Sixty years ago, Liverpool and Cologne were on opposing sides of a terrible war.  Today in an act of reconciliation, they are twinned cities. Last week, as part of the Capital of Culture programme and in a celebration of unity, choirs and orchestras from both cities performed  Benjamin Britten’s War Requiem in Liverpool Cathedral.

A full symphony orchestra, a chamber orchestra, organ, two conductors, three vocal soloists, a boys choir and four other major choirs came together in the massive and awesome cathedral space.  Blending the liturgy with secular texts, the work uses the Latin Mass for the dead, interwoven with nine songs for tenor and baritone, based on the war poems of Wilfred Owen.

The combination of all these factors made for an evening of unparalleled experience that no one who was there will ever forget.

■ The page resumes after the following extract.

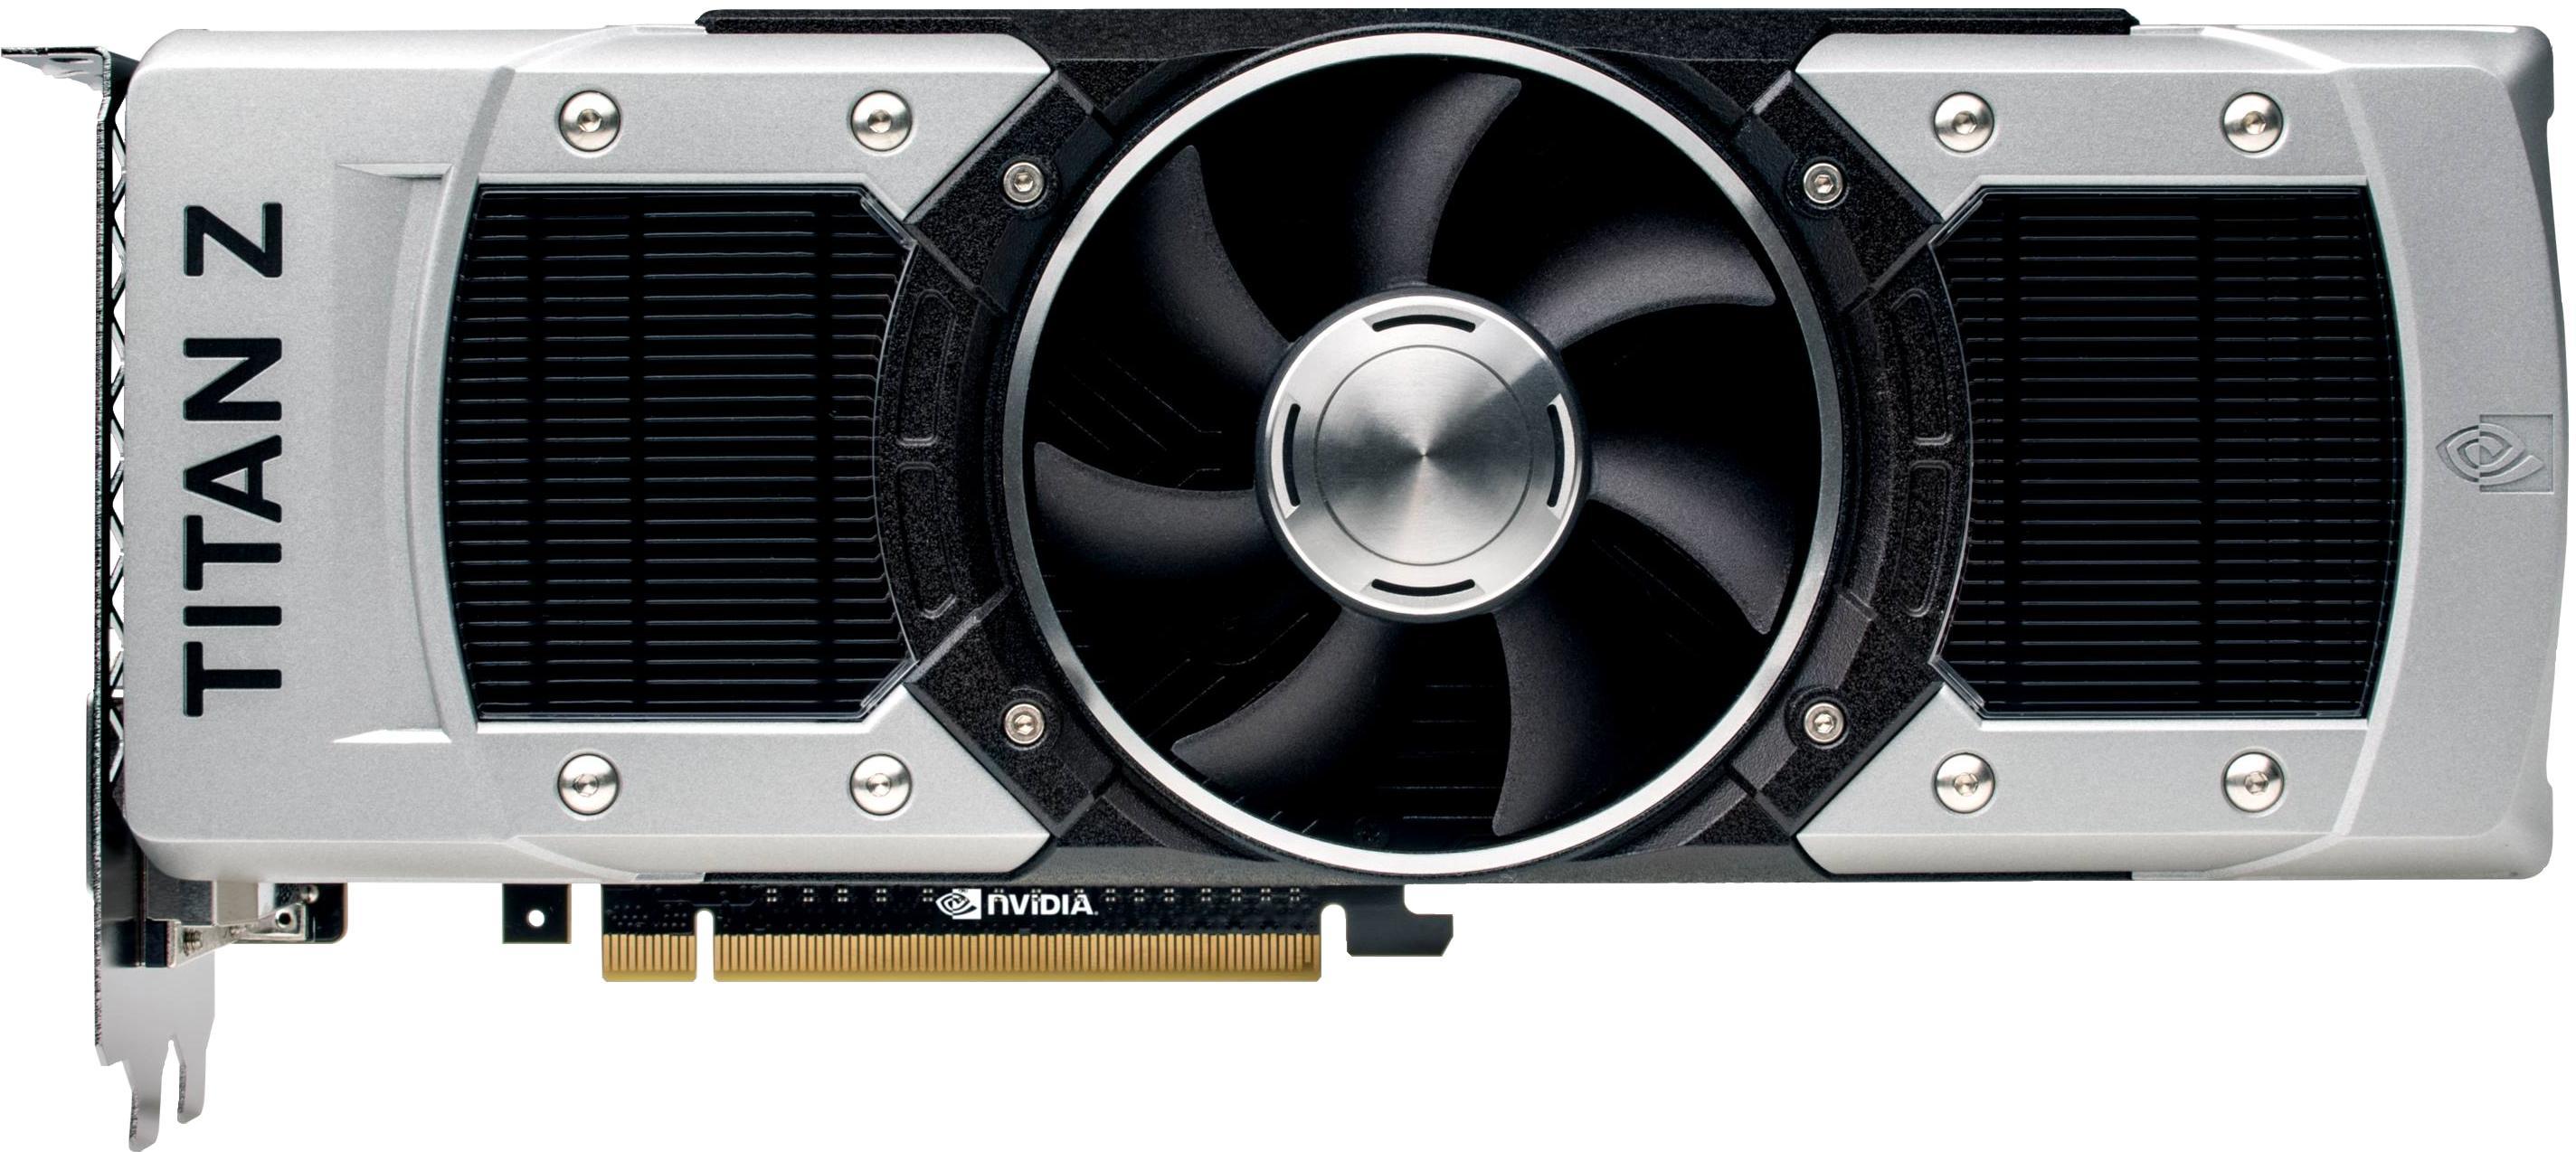 MSI GeForce GTX Titan Z
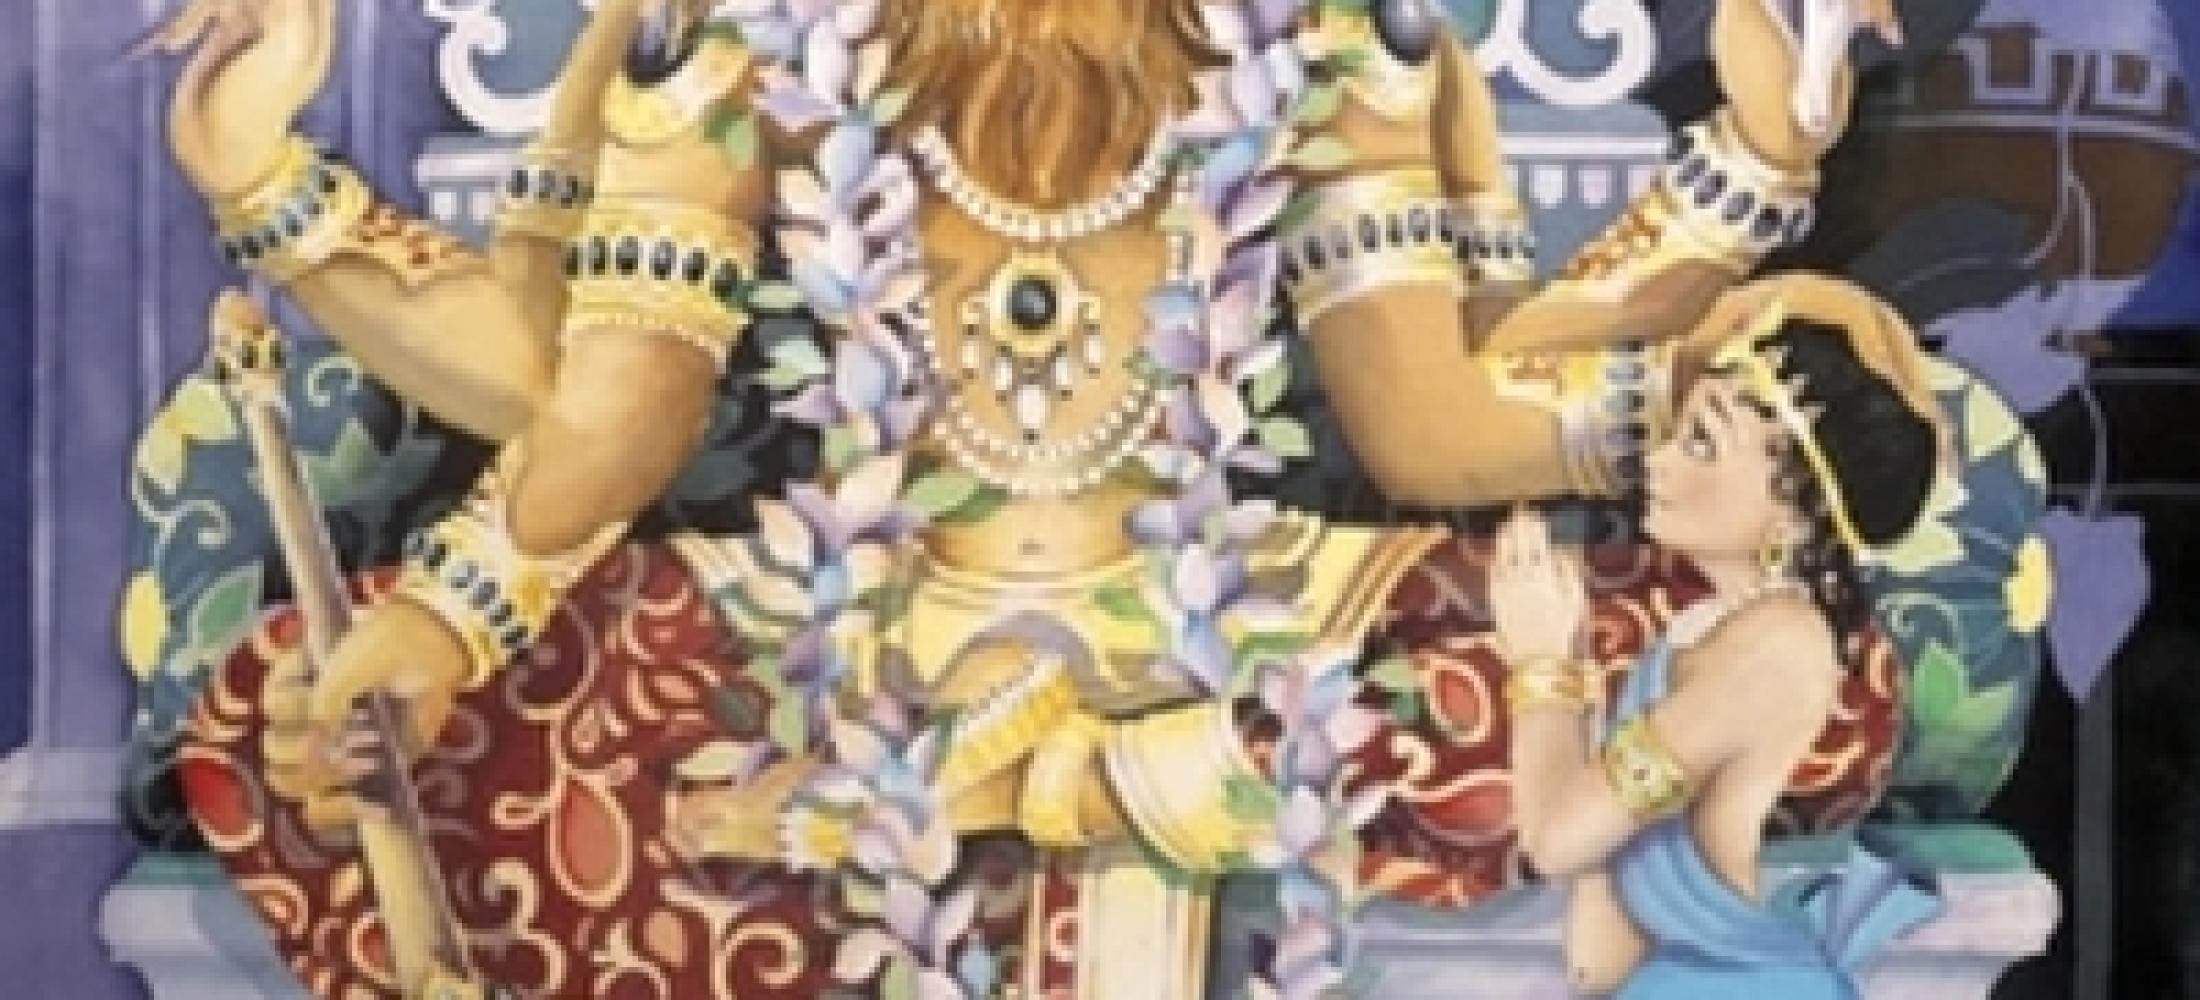 Нрисимха, Нарасимха, энергия бога Нарасимхи (посвящение, инициация)

In the Dies irae, the soprano’s singing of the Lacrimosa is interrupted by the tenor (on this occasion the sublime voice of Ian Bostridge) singing the words of Owen’s great poem ‘Futility’.

 

Futility

Move him into the sun-

Gently its touch awoke him once,

At home, whispering of fields unsown.

Always it woke him, even in France,

Until this morning and this snow.

If anything might rouse him now

The kind old sun will know.

 

Think how it wakes the seeds-

Woke once the clays of a cold star.

Are limbs, so dear-achieved, are sides

Full-nerved, still warm, too hard to stir?

Was it for this the clay grew tall?

-O what made fatuous sunbeams toil

To break earth’s sleep at all?

 

The traditional Mass offers ultimate hope of salvation.  Britten’s angry, tender, moving War Requiem ends quietly and inconclusively with no such complete promise but only a resolution of sorts.